То, что начинается и развивается из самой жизни, то долговечно, то плодотворно. Опыт показывает, что не всегда получается сделать то, что было решено путем долгих раздумий с вынесение решения. Когда из самой жизни выливается что-то, то, конечно, это будет жить. Миссия действительно живой организм, и в каких-то частях созревает что-то такое, о чем мы и не знаем.

- Государственные учреждения, в том числе и интернаты, достаточно закрытые места, в которые очень сложно попасть. Сталкивались ли Вы с этим?

- Безусловно, в учреждения трудно попасть, и в этом можно их понять. Сколько людей пытаются туда попасть непонятно зачем. Когда человек приходит от компании или фонда, а не просто с улицы, то возможностей больше, конечно.
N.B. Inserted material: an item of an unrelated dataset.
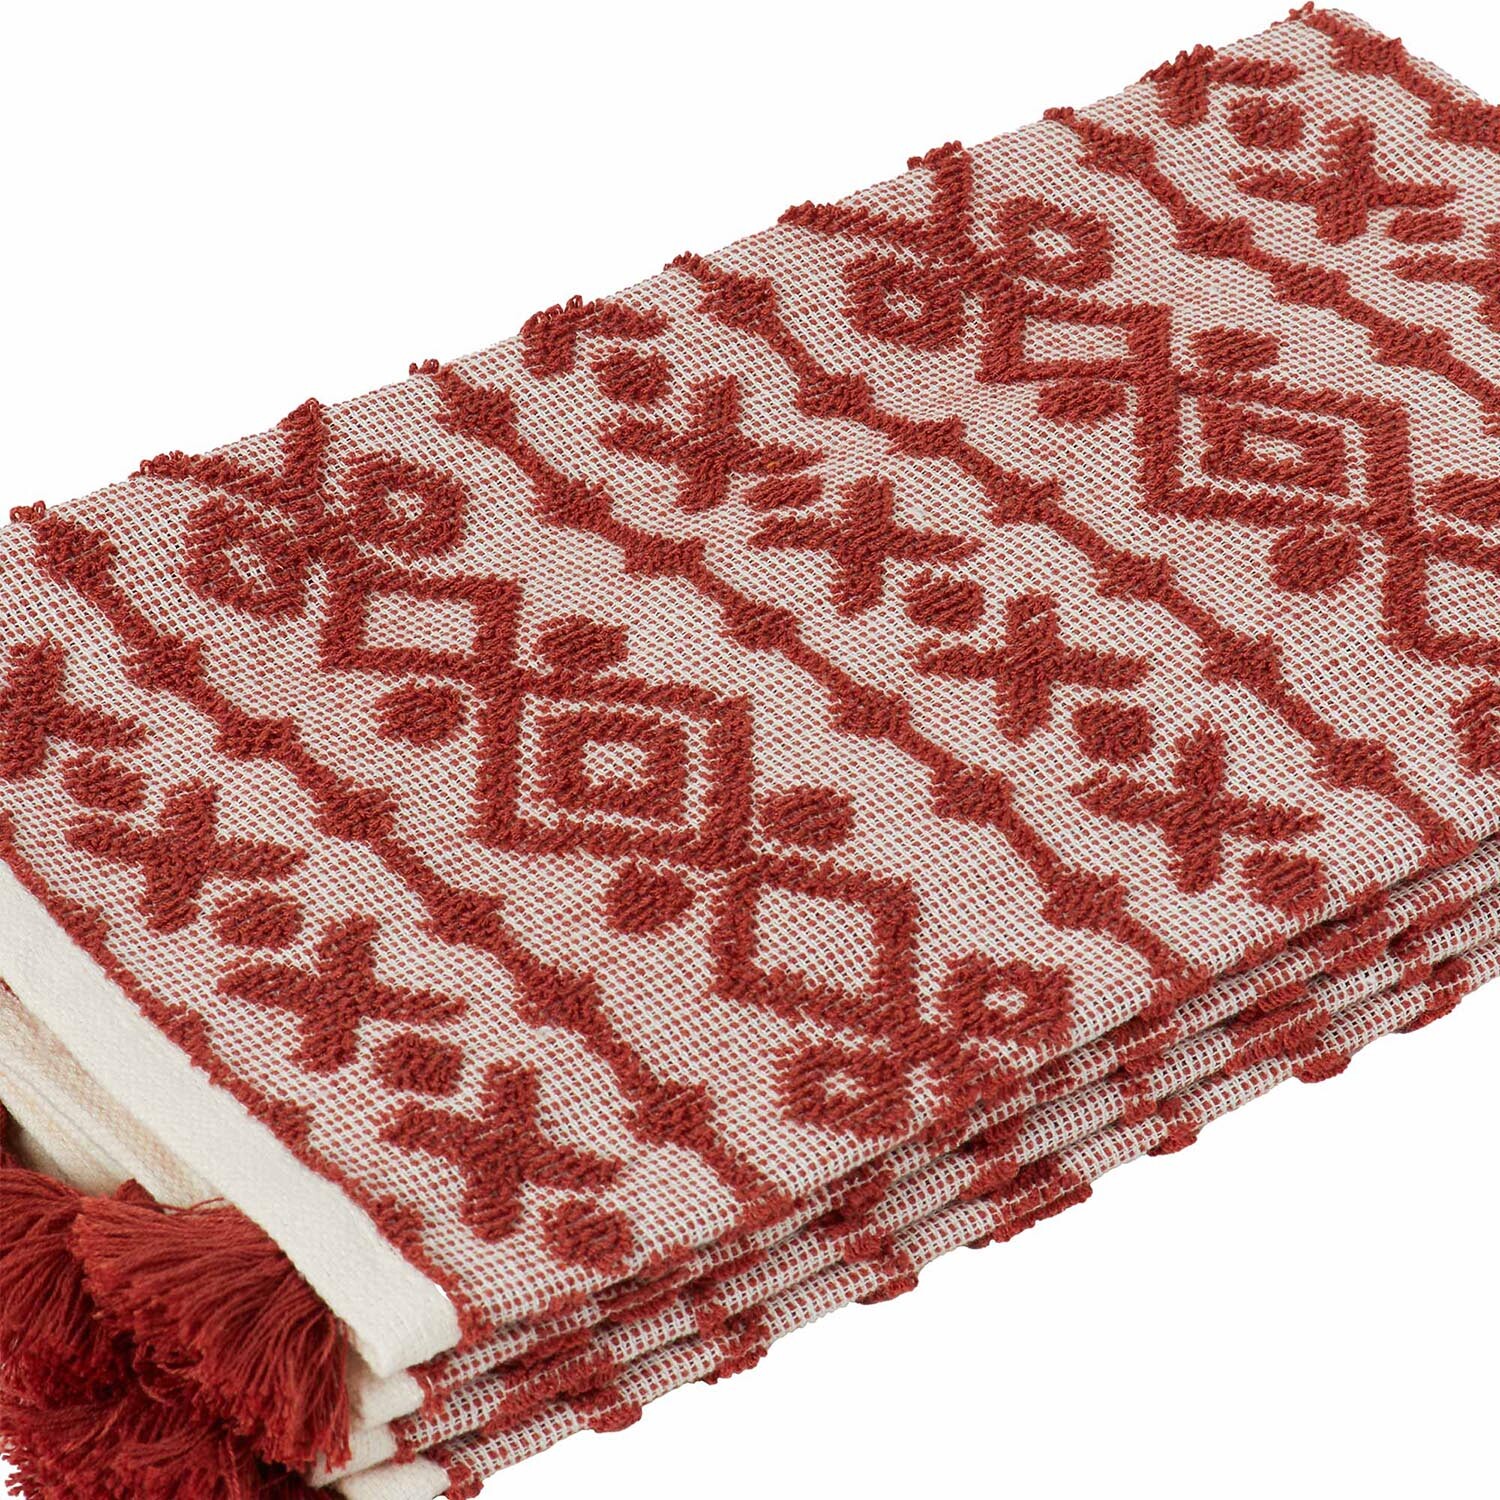 Pack of 2 Jacquard Terry Kitchen Towels with Tassels - Burnt Orange Image 3

Но тоже не всегда, потому что организаций много − дети перегружены. Они словно на витрине: один посмотрел, второй посмотрел, третий поиграл, четвертый тоже. И это ненормально. Поэтому не надо смущаться, что трудно попасть в детский дом. Это должно быть так. Не может быть такого, чтобы ребенок, который пережил часто не один стресс, оказавшись в учреждении, становился легко доступным для большого количества людей. Тем более, что даже калейдоскоп меняющихся воспитателей, это уже что-то такое, чего нет в семье, когда у тебя есть папа, мама, бабушка, дедушка иногда, то есть свой ритм жизни. Когда ты попадаешь в учреждение, жизнь другая, психика другая, больше стресса, который самим ребенком как стресс не регистрируется, не понимается. Тем более, что ребенка переводят: из дома ребенка в детский дом, затем в интернат, потом из интернатов переводят, приходят другие люди, воспитатели. Если бы был свободный доступ в учреждения, то детям совсем было бы плохо. Конечно, говорят, что через это приемные родители могут найтись. Но здесь полного запрета нет, есть где-то перегибы. Если мы направляем волонтеров, которые действительно хотят не просто организовать свой досуг или приятно провести время, посмеяться, с детьми поиграть, а принести пользу детям, то все эти проблемы решаемы.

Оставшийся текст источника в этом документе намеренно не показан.